Jor*_*rge 3 php class function
这段代码有什么问题?
<?php
class users {
var $user_id,
$f_name,
$l_name,
$db_host,
$db_user,
$db_name,
$db_table;
function users() {
$this->$db_host = 'localhost';
$this->$db_user = 'root';
$this->$db_name = 'input_oop';
$this->$db_table = 'users';
}
function userInput($f_name, $l_name) {
$dbc = mysql_connect($this->db_host , $this->db_user, "") or die ("Cannot connect to database : " .mysql_error());
mysql_select_db($this->db_name) or die (mysql_error());
$query = "insert into $this->db_table values (NULL, \"$f_name\", \"$l_name\")";
$result = mysql_query($query);
if(!$result) die (mysql_error());
$this->userID = mysql_insert_id();
mysql_close($dbc);
$this->first_name = $f_name;
$this->last_name = $l_name;
}
function userUpdate($new_f_name, $new_l_name) {
$dbc = mysql_connect($this->db_host, $this->db_user, "") or die (mysql_error());
mysql_select_db($this->db_name) or die (mysql_error());
$query = "UPDATE $this->db_table set = \"$new_f_name\" , \"$new_l_name\" WHERE user_id = \"$this->user_id\"";
$result = mysql_query($query);
$this->f_name = $new_f_name;
$this->l_name = $new_l_name;
$this->user_id = $user_id;
mysql_close($dbc);
}
function userDelete() {
$dbc = mysql_connect($this->db_host, $this->db_user, "") or die (mysql_error());
mysql_select_db($this->db_name) or die (mysql_error());
$query = "DELETE FROM $this->db_table WHERE $user_id = \"$this->user_id\"";
mysql_close($dbc);
}
}
?>
错误是:
致命错误:无法访问第15行的C:\ xampp\htdocs\jordan_pagaduan\class.php中的空属性.
Pas*_*TIN 14
要从类的方法内部访问类属性,必须使用$this->propertyName,而不是$this->$propertyName.

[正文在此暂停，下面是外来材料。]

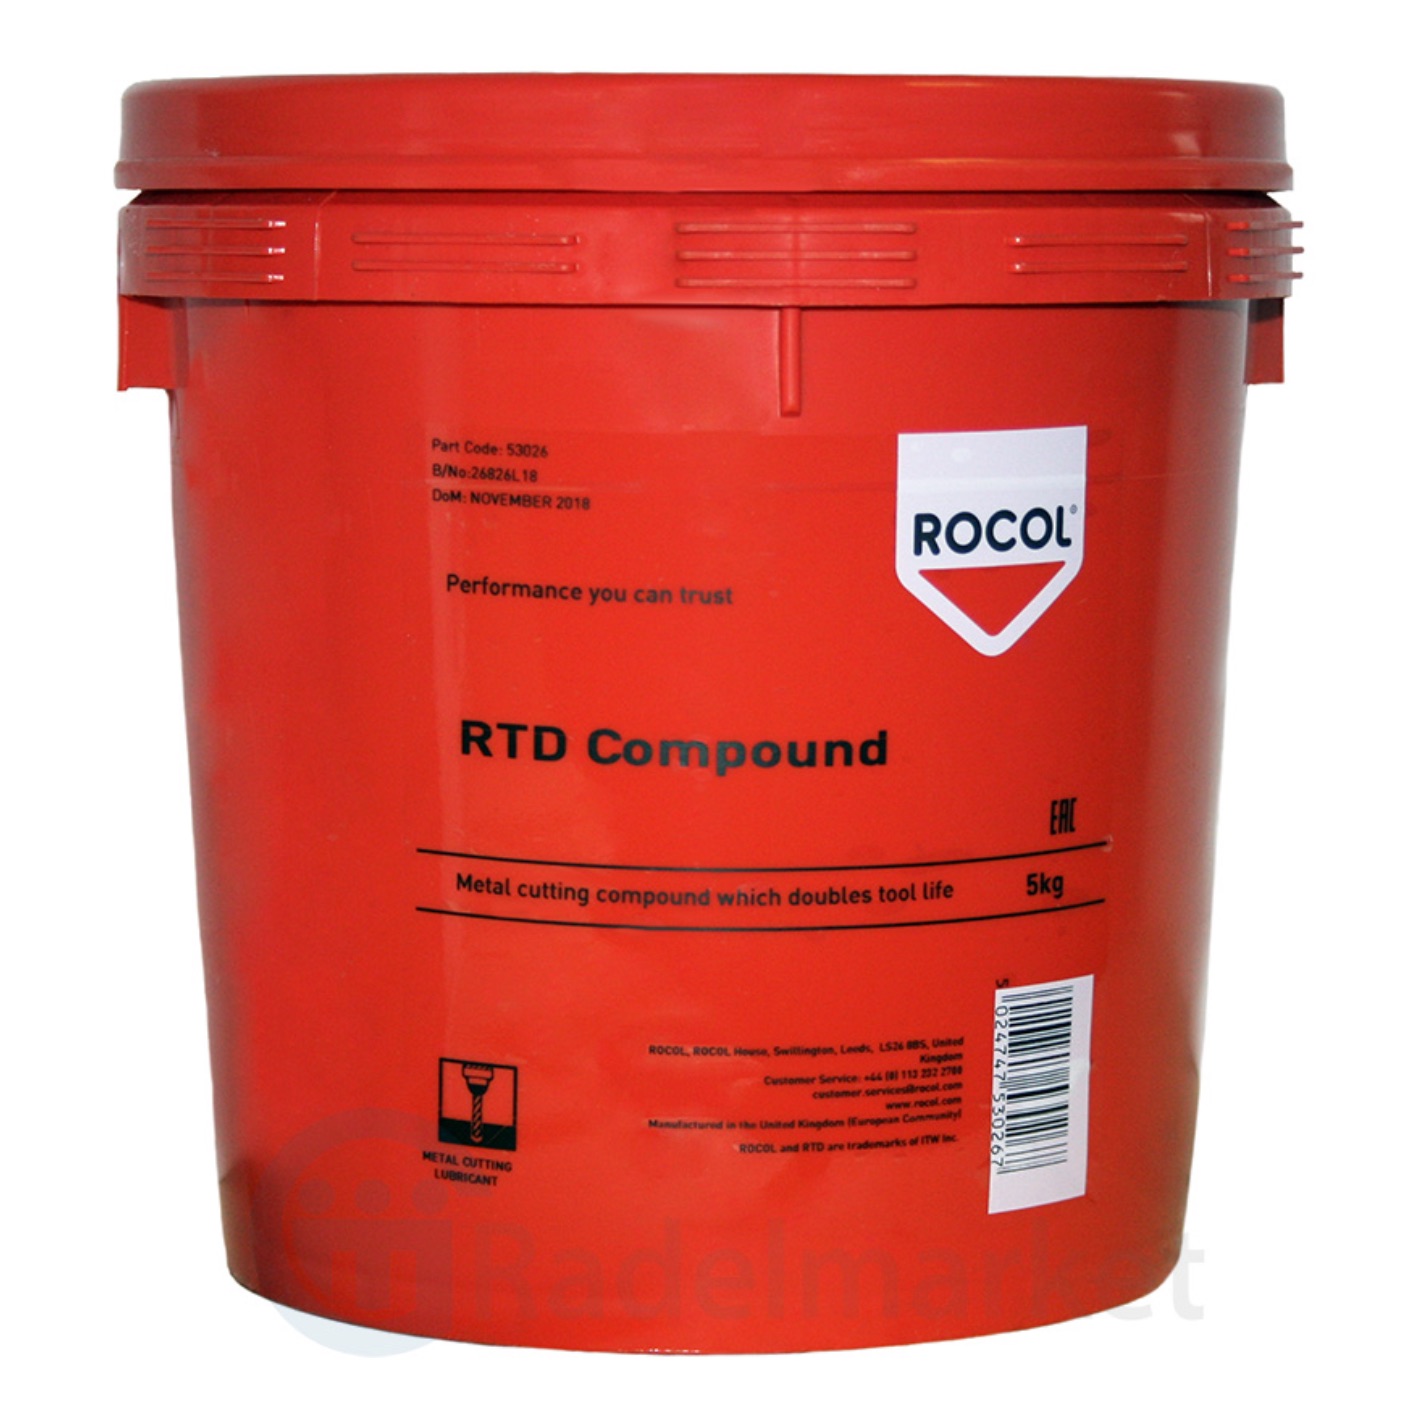 RTD Compound Паста ручного применения для накатки резьбы и другой обработки металла

这意味着你的user_input()方法应该这样写:
function user_input() {
$this->db_host = 'localhost';
$this->db_user = 'root';
$this->db_name = 'input_oop';
$this->db_table = 'users';
}
(您可能需要对其他地方进行相同的修改)
你所写的,$this->db_user永远不会被设定; 以及以后使用时:
$dbc = mysql_connect($this->db_host , $this->db_user, "")
$this->db_user一片空白 ; 这意味着mysql_connect将使用默认值 - 在您的情况下,似乎是ODBC从错误消息判断.
(与其他属性相同 - 但我以此为例,因为ODBC您发布的错误消息中存在默认值:这是最明显的选择.)